Analysis of serrate (se) and gcn5-2 double mutations. (A) Phenotype comparison of plants with se and gcn5 single and double mutations. Leaf (upper panels), flower (middle panels) and inflorescence (lower panels) of se, se gcn5-2 and gcn5-2 were compared to wild type (WT). (B) Comparison of miRNA levels in serrate with that in the double mutants. miRNA were detected from total RNAs isolated from inflorescences by Northern hybridizations using the probes indicated on the left of the panels.
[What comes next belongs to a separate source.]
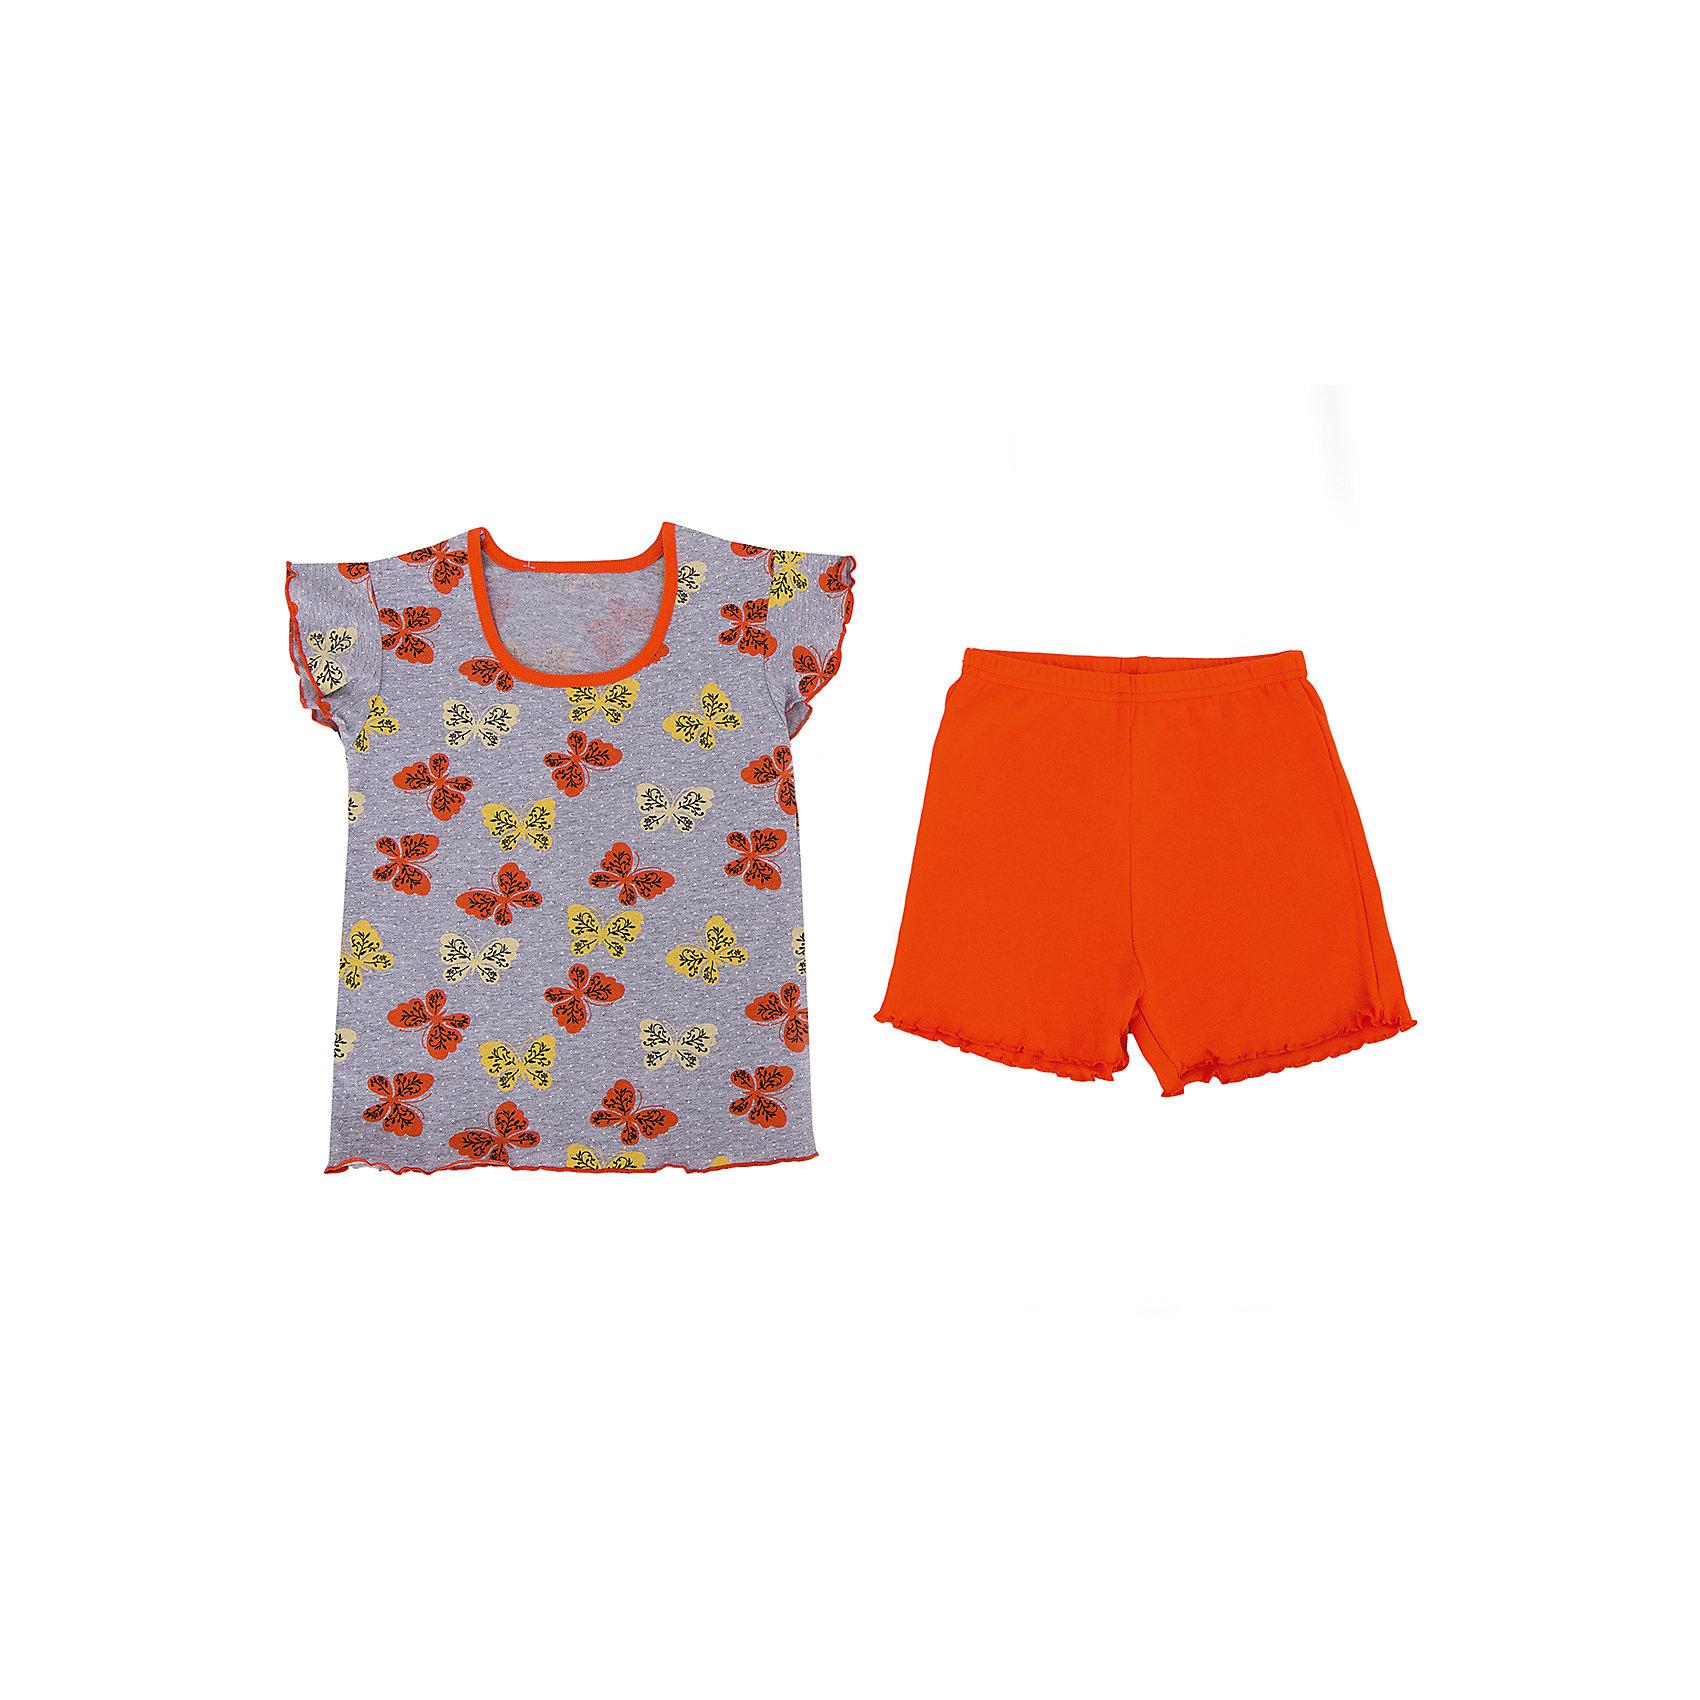 Пижама для девочки АпрельПижамы и сорочки<br>Пижама для девочки от известного бренда Апрель.<br><br>Состав:<br>хлопок 100%, хлопок 65% + полиэстер 35%<br><br>Ширина мм: 281<br>Глубина мм: 70<br>Высота мм: 188<br>Вес г: 295<br>Цвет: оранжевый<br>Возраст от месяцев: 48<br>Возраст до месяцев: 60<br>Пол: Женский<br>Возраст: Детский<br>Размер: 110,128,104,98,116,122<br>SKU: 4768215
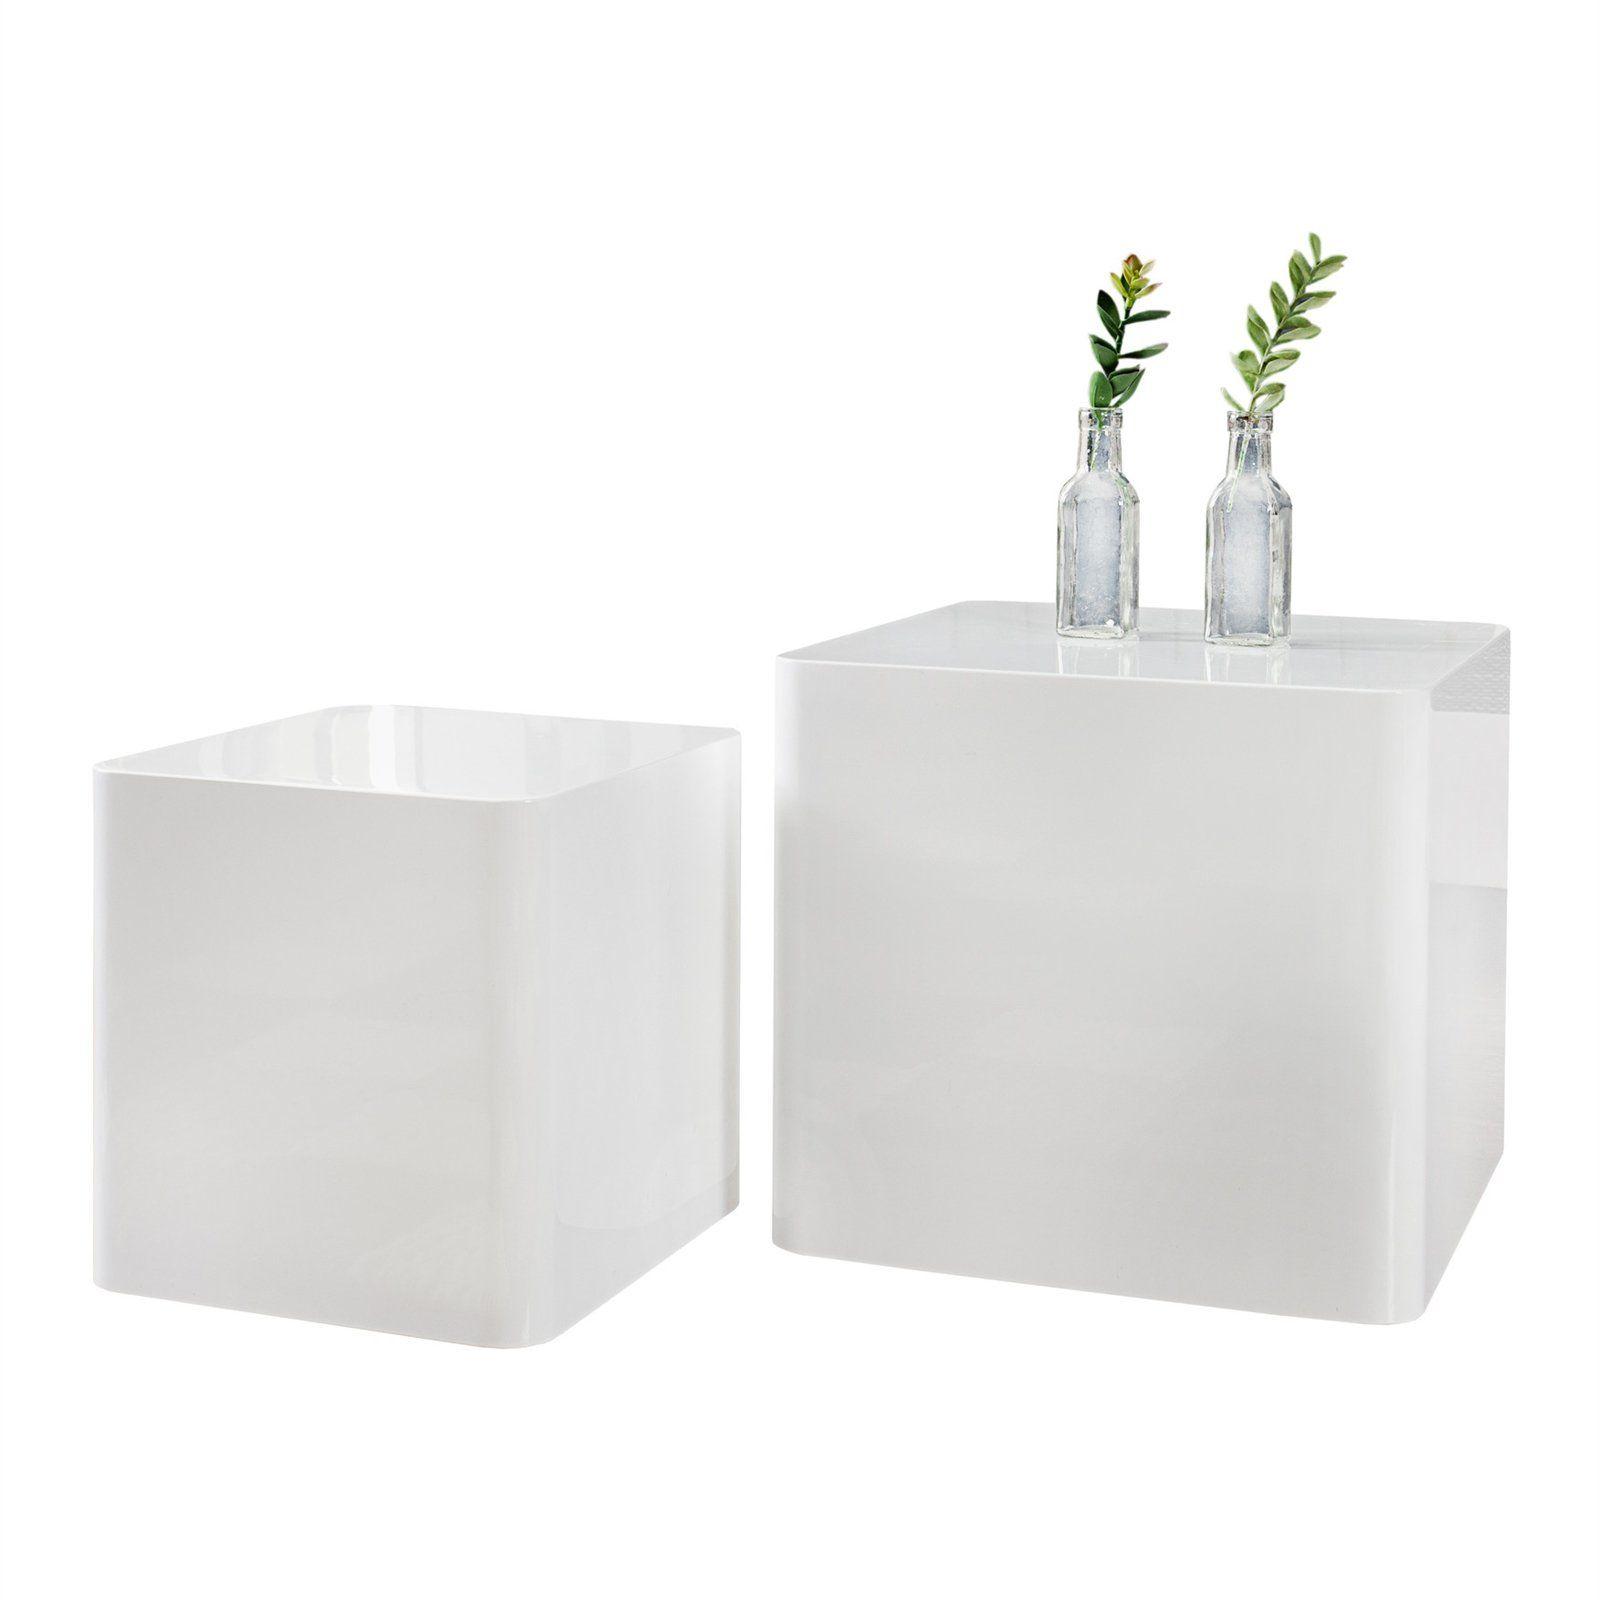 Design Delights Modernes Beistelltisch Set Loft 2er Set Weia Hochglanz Couchtisch W Rfel In 2020 Decor Home Decor Facial Tissue Holder

Examination of miRNA accumulation revealed that the double mutation increased the levels of miR159, miR162, miR167 and miR168 compared to the single se mutation. In agreement with the repression of miR164 accumulation by the single mutations, miR164 was not increased in the double mutants. Therefore, compared with se single mutation, the gcn5 se double mutations restored the accumulation of a subset of miRNAs.
Effect of inhibition of histone deacetylation on miRNA accumulation
To evaluate if histone acetylation was a general mechanism involved in miRNA accumulation, seedlings were treated with trichostatin A (TSA), a HDAC inhibitor, and analyzed by Northern blots using the miR157 probe. At 6 h after the treatment, the level of miR157 was decreased compared to the control (Figure 7). To further study the role of HDACs in miRNA accumulation, two T-DNA insertion mutants of HDAC genes were used for analysis. The mutation of hda9 did not produce any morphological phenotype (not shown), while hd1 (or hda19) showed pleiotropic defects 35. Both HDA9 and HDA19 are members of the RPD3 (REDUCED POTASSIUM DEPENDANT3)-type of HDAC genes 7. As shown in Figure 7B, the accumulation of 3 tested miRNAs (i.e., miR157, miR162 and miR172) was reduced in hda9 mutants. However, only miR157 showed some reduction in hd1.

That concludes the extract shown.